Plus haut : 1800 (1760 pour la Mule et l’Intello) soum de Betouras
Dénivelé : 1360 m
Distance parcourue : 19k (18,3 km pour la Mule et l’Intello)
Participants : Olivier Bonnave, Jacques Brus, Sandrine Caparrus, Joelle Craverio, Valérie Daugreilh, Brigitte Dupuch, Carl Kerloch, Jean-François Tilhet-Prat, Bernard Boutin encadrés par Jean-Luc Guilhempourque
Temps : journée fraiche, luminosité éteinte, pas de vent
Date : 18 janvier 2025
Depuis Ferrières – là où il y a du fer ! -, au-dessus des mines de Baburet (plus sur le sujet : ICI) devons nous garer à un « parking obligatoire » d’où, après un lacet, nous rejoignons un deuxième parking occupé par « battue en cours » = gros pick-up et cages à chiens caractéristiques ! « parking réservé ». A quand un site, accessible aux randonneurs, pour se tenir informé, avant de sortir, des risques de prendre une volée de plombs ou autres chevrotines ?
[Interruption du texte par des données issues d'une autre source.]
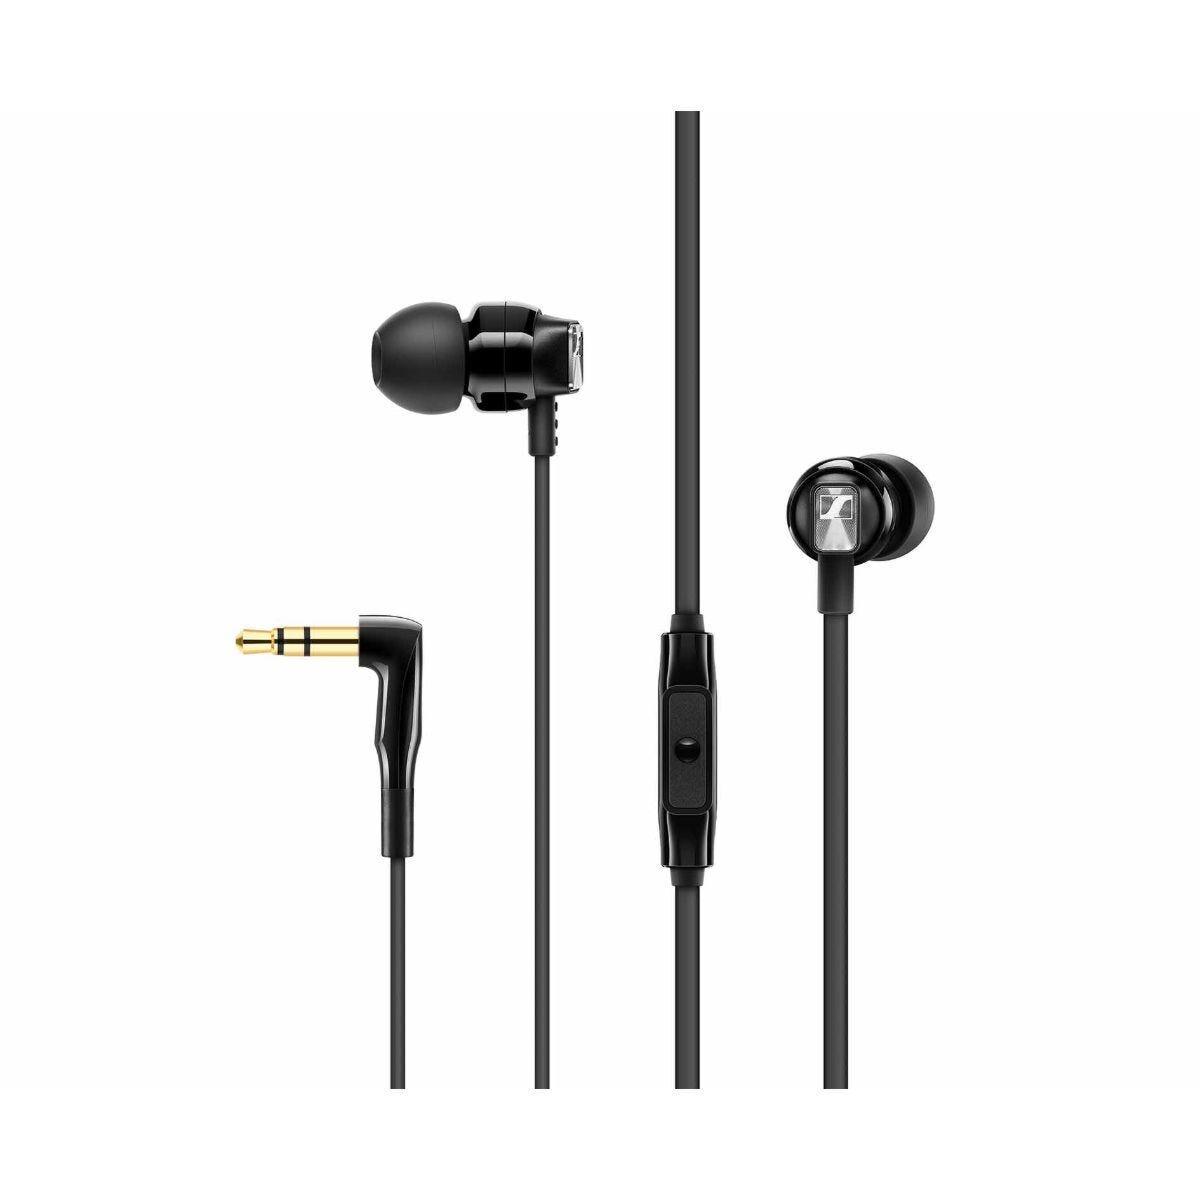 Sennheiser CX300S Wired In-Ear Headphones Black

A droite, une sente « intimiste » part direction nord. Belle forêt. Principalement de hêtres. Sentier peu pratiqué. Quelques arbres l’obstruent. Instruction simple de Jean-Luc à ceux qui mènent le « train ». Vous attendez quand le sentier rejoint la crête (qui descend de la Gélaque jusqu’à l’Ouzom).
Pour avoir « pratiqué » JLG plusieurs fois, il faut reconnaitre que sa méthode est inhabituelle… et sacrément efficace : laisser partir devant et donner un point de regroupement où l’attendre. Ainsi, ceux qui veulent cavaler, cavalent… un certain temps ! Fiche manuscrite à la main : « les points de décision » sont identifiés. Du genre : à l’altitude 1046, crête rejointe, virage à 90° et remonter, le long de la crête, sur la gauche.
Derrière, c’est « plus cool », observation des sources, izards (nombreux sur ces pentes exposées Sud), appareils photographiques pour repérer la « bête du Gévaudan » locale etc. Un loup serait là… Partager toponymie, histoire, fleurs, champignons. Ecobuages aussi… Nos montagnes : une encyclopédie de découvertes.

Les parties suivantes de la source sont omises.